Modern egg-hatchers like snakes and birds lose their belly button scar within a few days or weeks after hatching. But other organisms keep the “umbilical scar” for the rest of their lives. While inside the egg, the embryo’s abdomen is connected to the yolk sac, which provides the embryo with a food source for growing and developing. The scar appears when the embryo detaches from the yolk sac and other membranes, before or as it hatches from its egg. The scar, known as an umbilical scar, is a non-mammalian belly button, reports Gizmodo’s Jeanne Timmons. The Psittacosaurus umbilical scar is similar to that of an adult alligator and is the first example of one in a non-avian dinosaur that predates the Cenozoic period, 66 million years ago, Science Alert reports.
Psittacosaurus was a bipedal dinosaur that lived during the beginning of the Cretaceous period. Fossils found in Mongolia and China of the horned dinosaur date from 100 million to 122 million years ago. Psittacosaurus measured almost 7 feet long and was noteworthy for its high and narrow skull with a parrot-like beak. Paleontologists have also found on the same Psittacosaurus fossil a dinosaur cloaca and countershading camouflage, Gizmodo reports.
Researchers imaged the elusive belly button with Laser-Stimulated Fluorescence (LSF), an imaging technique. They used a modified version of LSF, developed in part by Michael Pittman, a vertebrae paleontologist at the University of Hong Kong and coauthor of the study with Thomas G. Kaye, a paleontologist at Foundation for Scientific Advancement. The modified imaging method increases laser intensity in previously established laser imaging techniques without damaging specimens, allowing fine details to be seen in fossils that otherwise would go unseen, Gizmodo reports.

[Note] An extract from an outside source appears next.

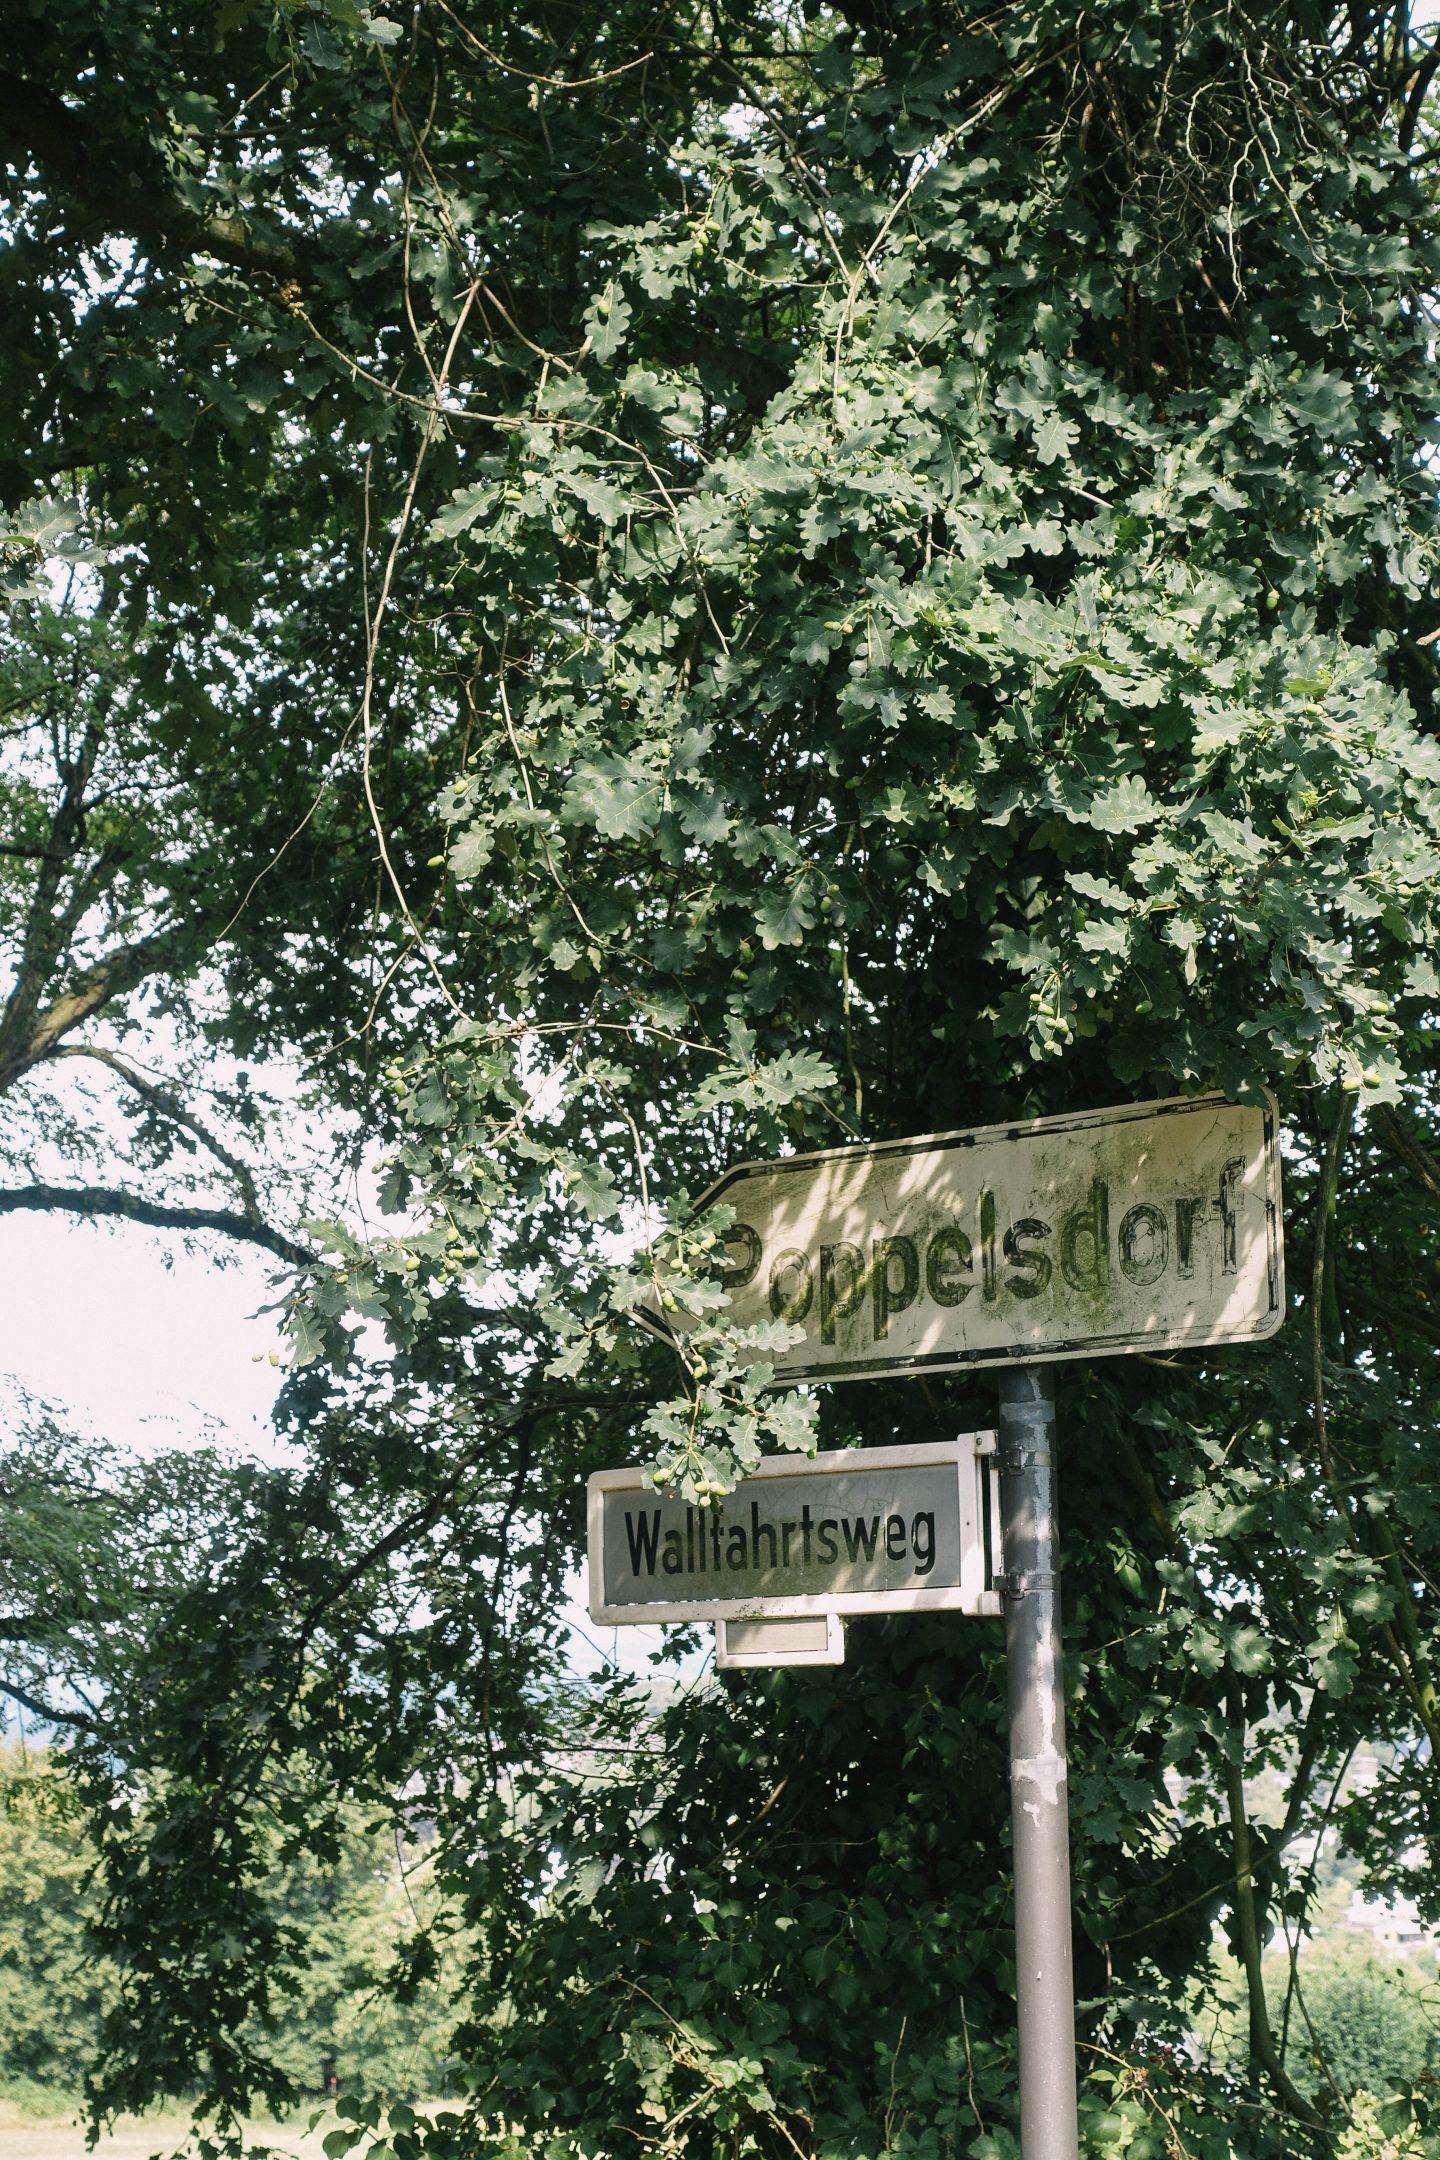 Bonn-Ippendorf, Ortsschild Poppelsdorf, Straßenschild Wallfahrtsweg

The Psittacosaurus specimen with the belly button was unearthed in 2002 in China, found lying on its back. Using LSF, the team could analyze each scale, wrinkle and pattern etched on the preserved fossil. “LSF brings out the detail in spectacular fashion,” Phil Bell, a dinosaur paleontologist involved with the study, tells Gizmodo. “It really looks as though the animal could get up and walk away. You can see every little wrinkle and bump in the skin. It looks so fresh. Imagining these animals as living, breathing entities, rather than just dead skeletons, is what fascinates me. Bringing them to life is one of the major goals of my work.”

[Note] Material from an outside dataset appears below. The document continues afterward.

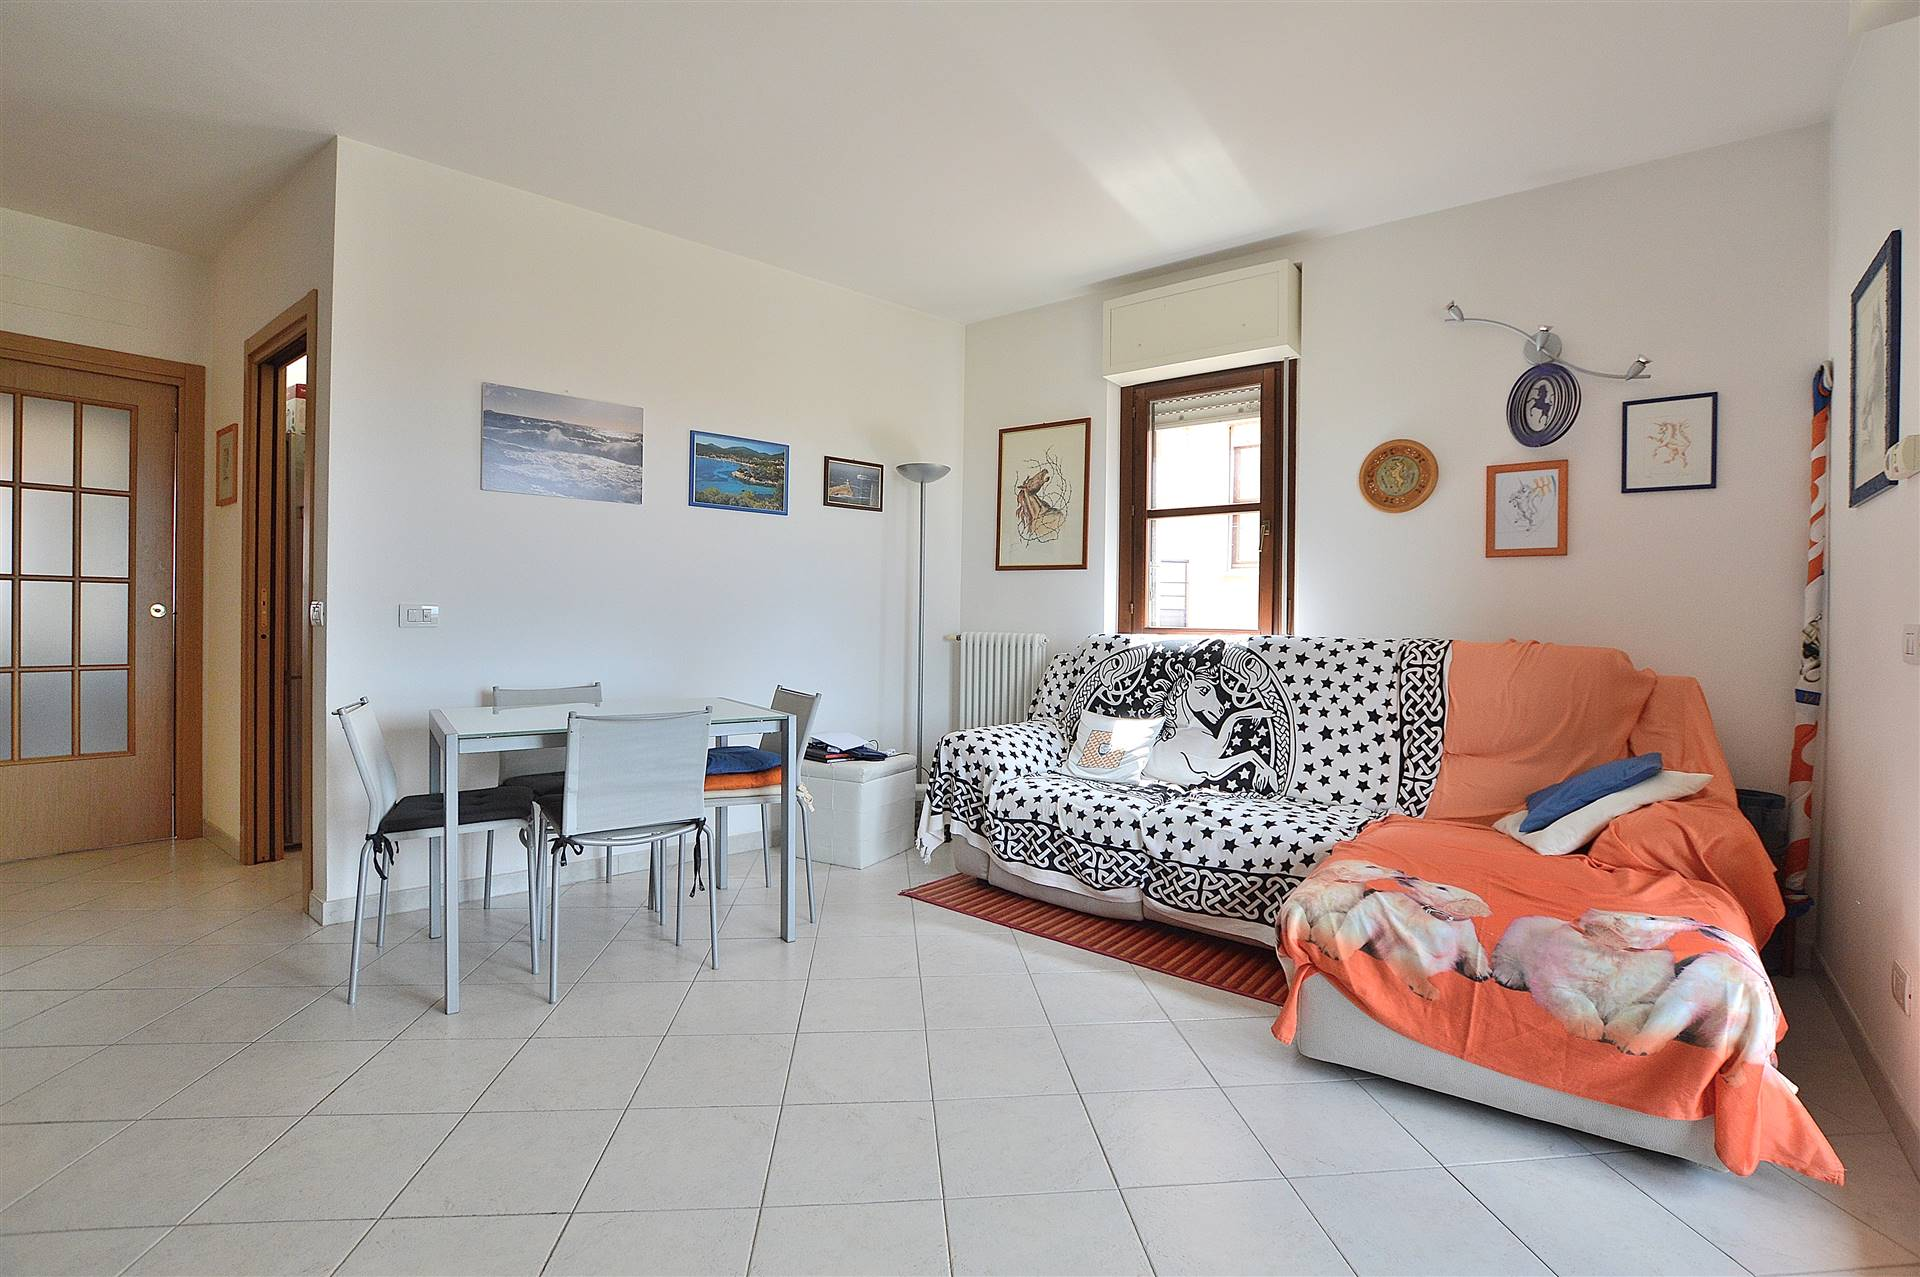 In località Arbia, in piacevole contesto residenziale, proponiamo grazioso appartamento di recente costruzione posto al secondo piano con ascensore

The team was able to image the umbilical scar, which had faded over time, by seeing a change in the pattern of skin and scales where the dino’s belly button would be. They also determined that the scar was not from a healed injury because the umbilical scales were smooth and arranged along the midline of the dinosaur. If the scar were an injury, it would have displayed regenerative tissue that could cut through and be inconsistent with the scale pattern. To determine the age of the fossil, the team measured the length and growth of its femur and found that the specimen was nearing sexual maturity at six to seven years old, per Gizmodo.
Scientists had long speculated that egg-laying dinosaurs would have an umbilical scar, but this study is the first to find evidence of one, Science Alert reports. The researchers note that while a scar was found in this specimen, it may not have been present in all non-avian dinosaurs.